# Basement Heatilator GCDC60/80 doesn't stay lit in winter



## mdphdbfd (Jan 1, 2013)

Hi All - Newbie here.  I've researched this question (here and elsewhere) and I can't find an answer, so I'm hopeful I can get some help.

I have two identical units - one on the main floor vented immediately to the outside (~2-3 feet) and one in the basement which requires ~30 feet of venting to the outdoors with a couple of 90 degree bends.  The main floor unit works beautifully; the basement unit won't stay lit as the weather gets colder (I live in MA so it can get 'wicked cold').  Given the two are identical in all other ways, I'm assuming the difference in venting length is the reason.  (...duh).

Is there anything I can do to fix this, other than move, that is?  

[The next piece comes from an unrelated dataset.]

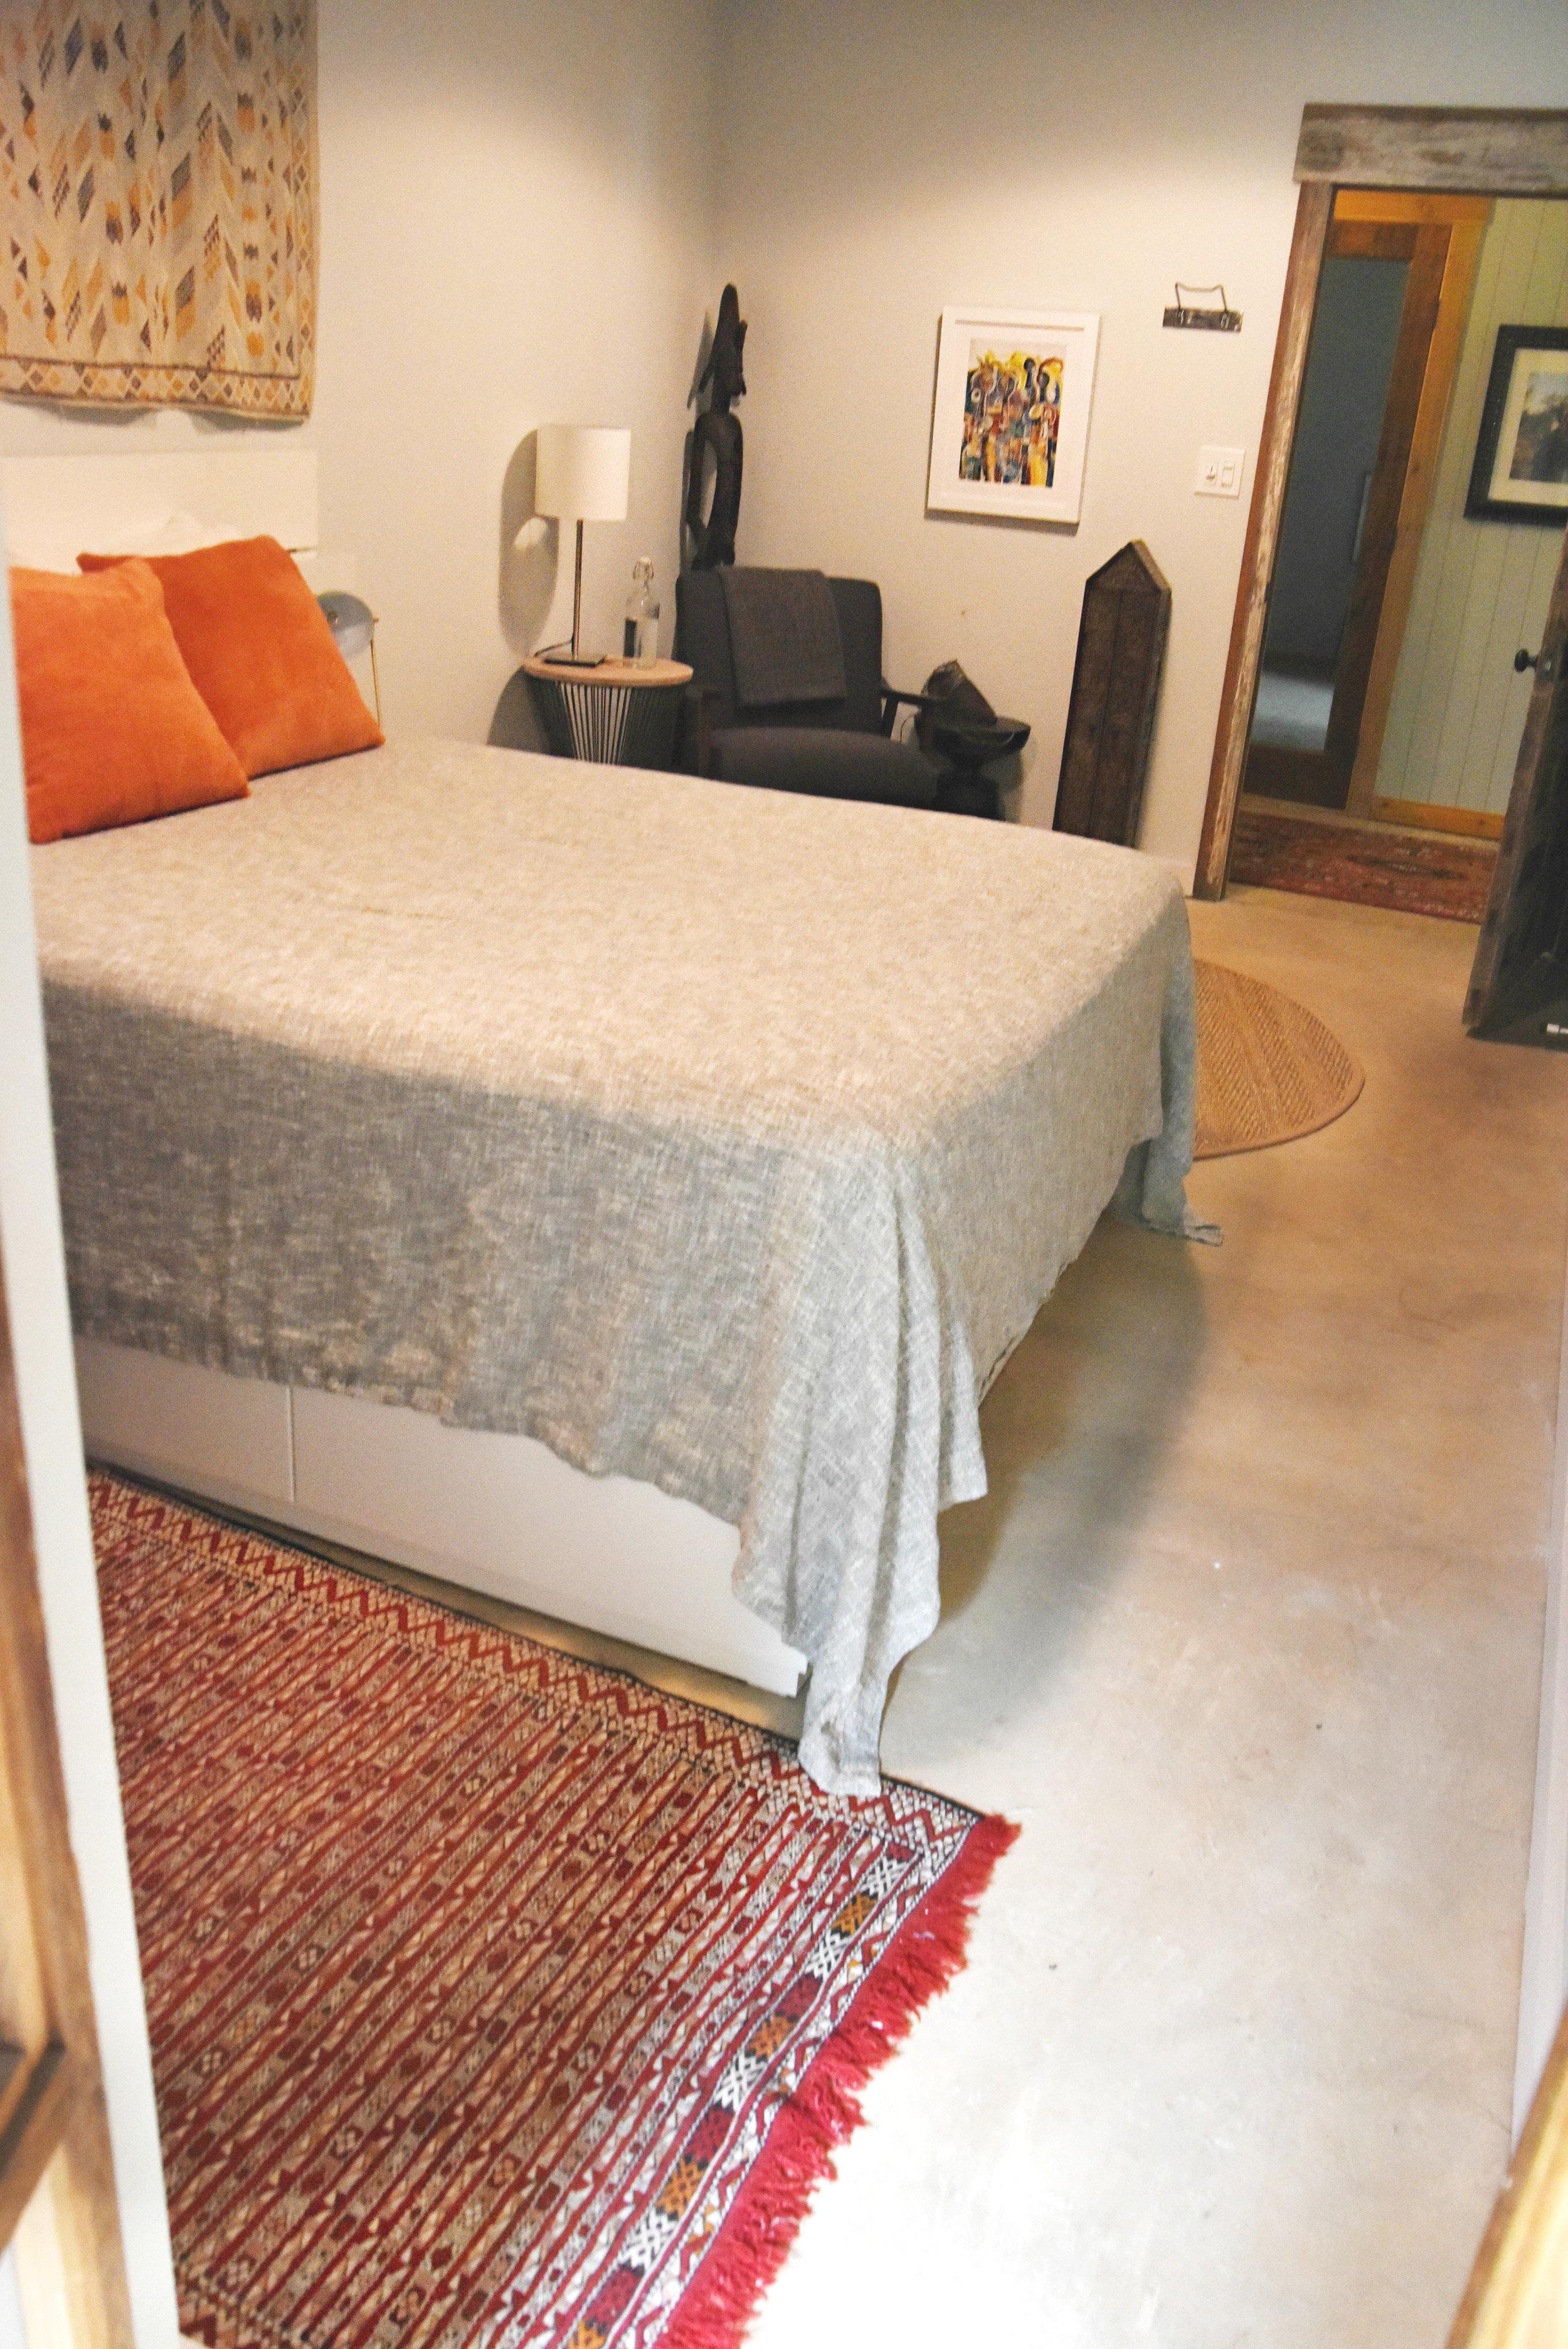 The Damasco Room
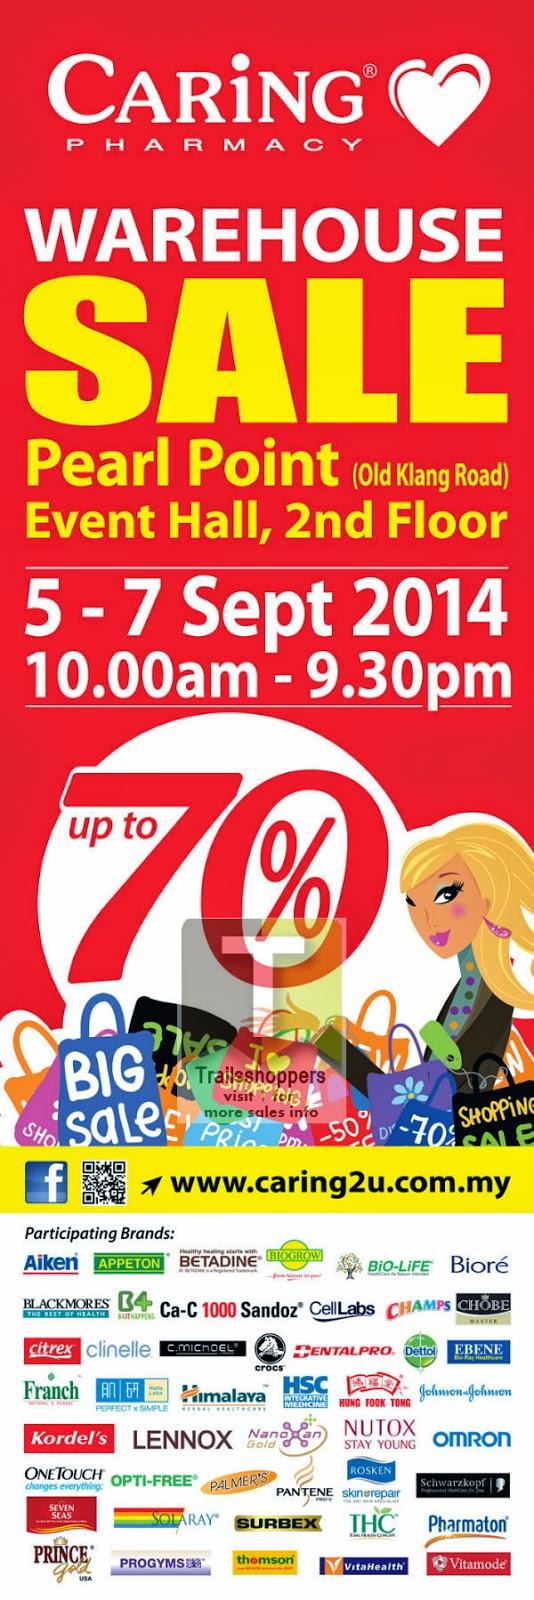 Caring Pharmacy malaysia Warehouse sale

Is there another explanation I'm not considering?



Thanks.


----------



## DAKSY (Jan 1, 2013)

mdphdbfd said:


> Hi All - Newbie here. I've researched this question (here and elsewhere) and I can't find an answer, so I'm hopeful I can get some help.
> 
> I have two identical units - one on the main floor vented immediately to the outside (~2-3 feet) and one in the basement which requires ~30 feet of venting to the outdoors with a couple of 90 degree bends. The main floor unit works beautifully; the basement unit won't stay lit as the weather gets colder (I live in MA so it can get 'wicked cold'). Given the two are identical in all other ways, I'm assuming the difference in venting length is the reason. (...duh).
> Is there anything I can do to fix this, other than move, that is?
> ...


 
Check your manual to see if there's a vent restrictor in the unit right near where it exits to the vent. Sometimes the longer vent runs allow too much air to drop into the firebox too fast... That air movement agitates the pilot SO MUCH that it'll reduces the mV output & shuts off the burner or pilot or both.


----------